_THE TASK:_
Omit all pictures, then repeat the listing exactly.

_PROVIDED DATA:_
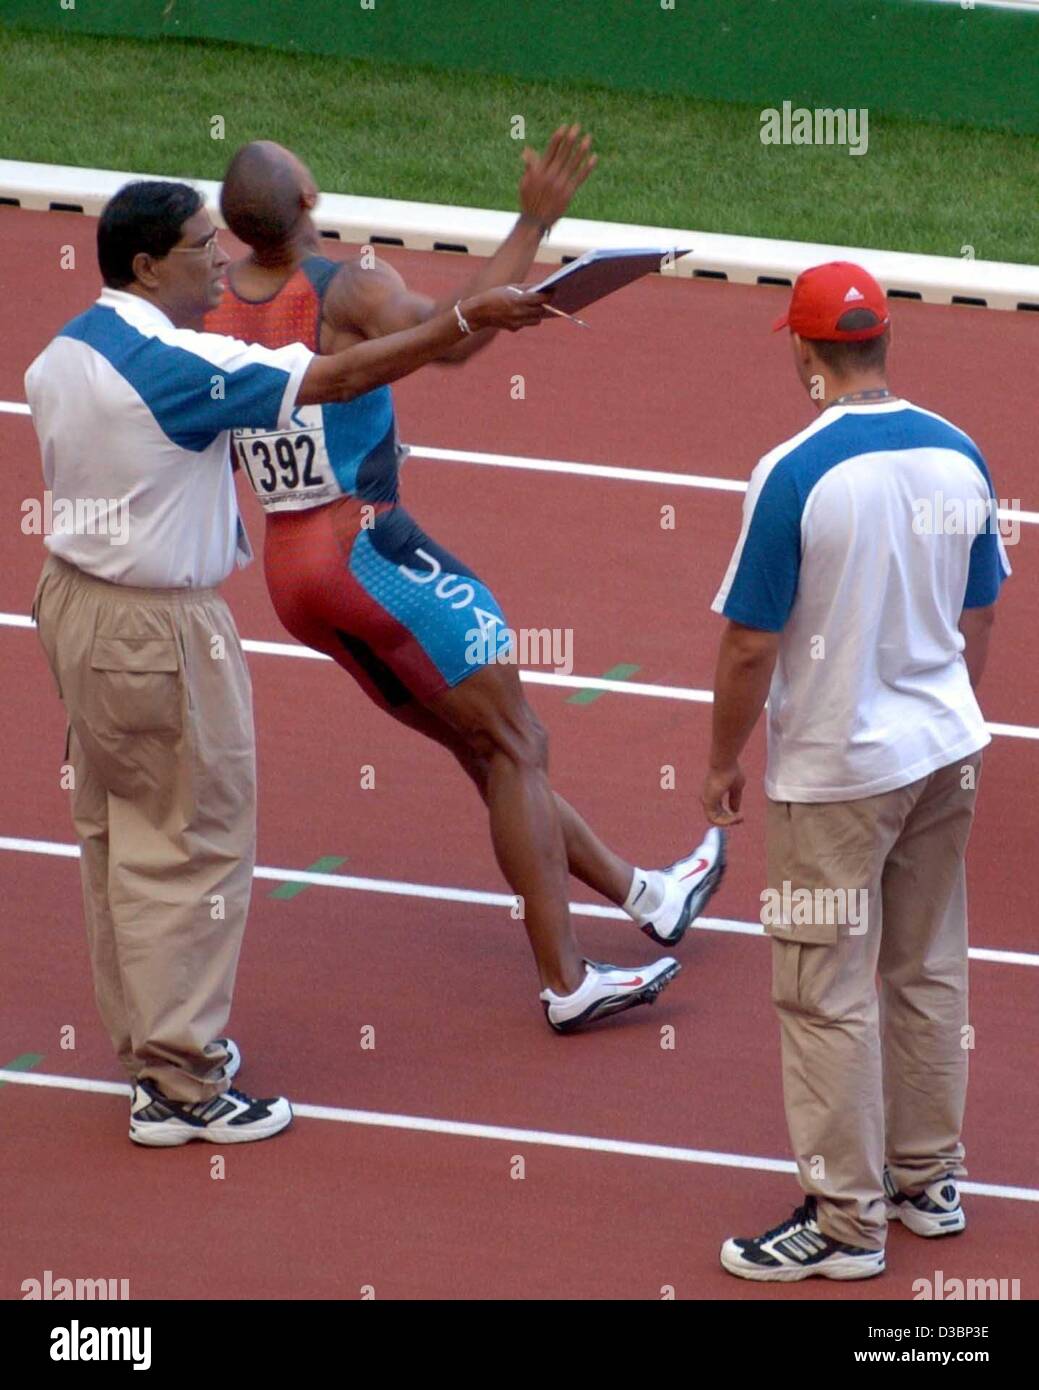 (dpa) - USA's Jon Drummond protests following a controversial false start decision against him in the quater finals of the men's 100m event at the 9th IAAF Athletic World Championships at the Stade de France in Paris, 24 August 2003. Drummond laid down on his back, refusing to move off the track aft Stock Photo
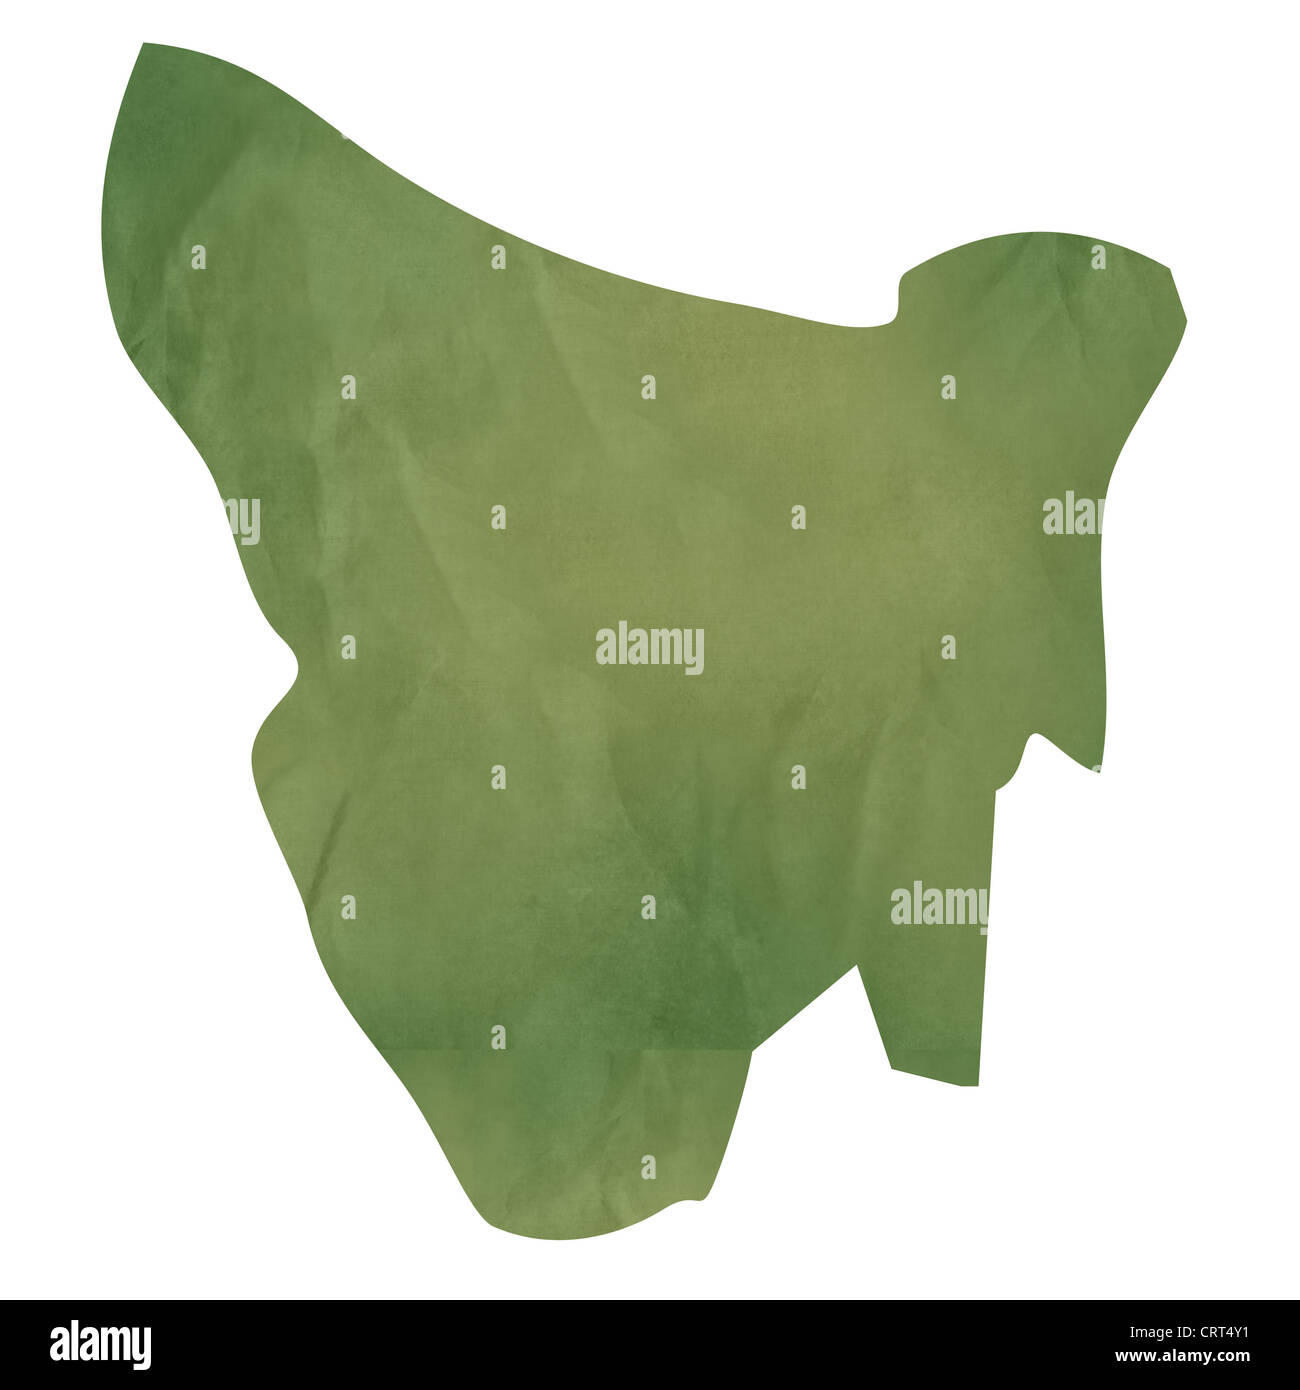 Tasmania map in old green paper isolated on white background. Stock Photo
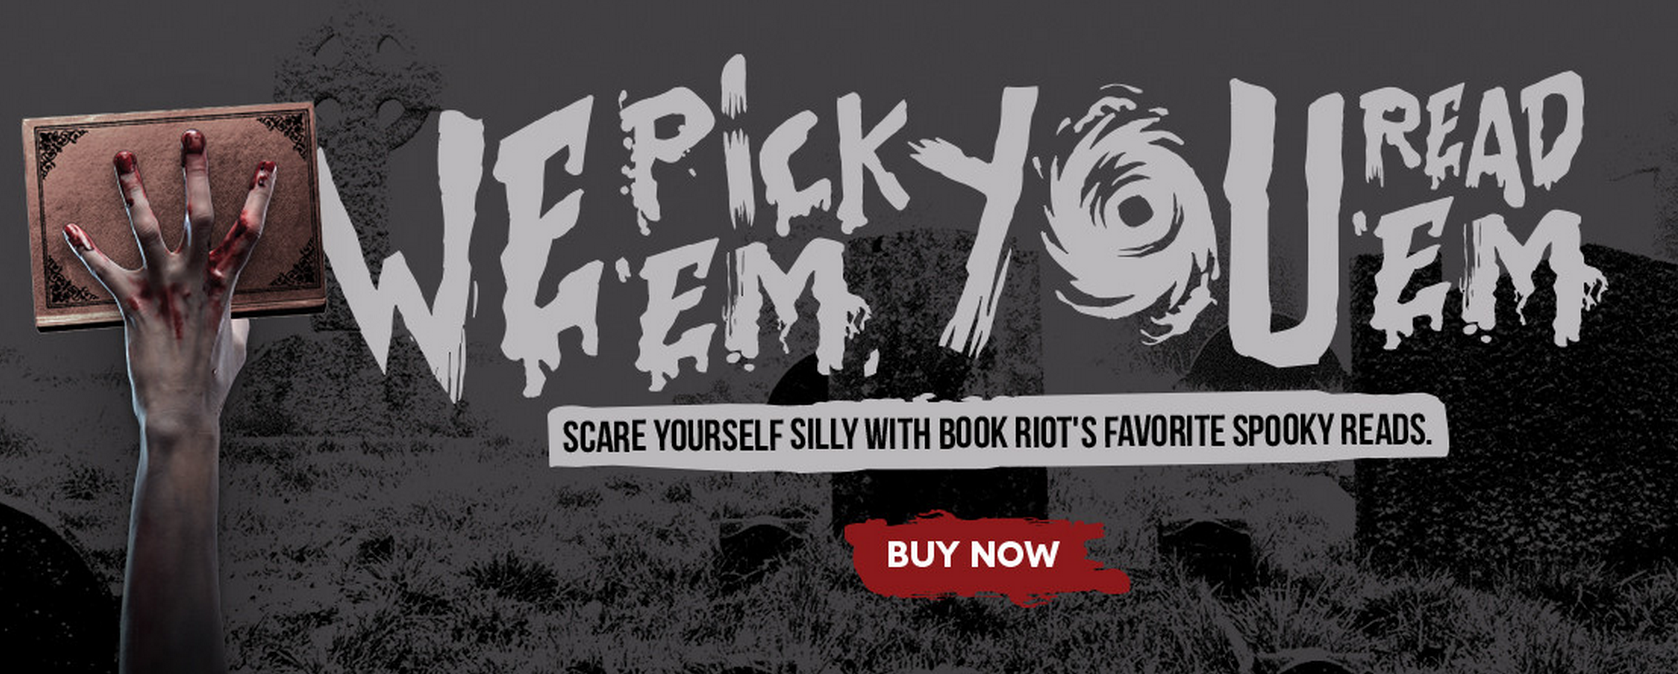 Book Riot Limited Edition Horror Box Available Now!

_EXERCISE SOLUTION:_
 (dpa) - USA's Jon Drummond protests following a controversial false start decision against him in the quater finals of the men's 100m event at the 9th IAAF Athletic World Championships at the Stade de France in Paris, 24 August 2003. Drummond laid down on his back, refusing to move off the track aft Stock Photo
 Tasmania map in old green paper isolated on white background. Stock Photo
 Book Riot Limited Edition Horror Box Available Now!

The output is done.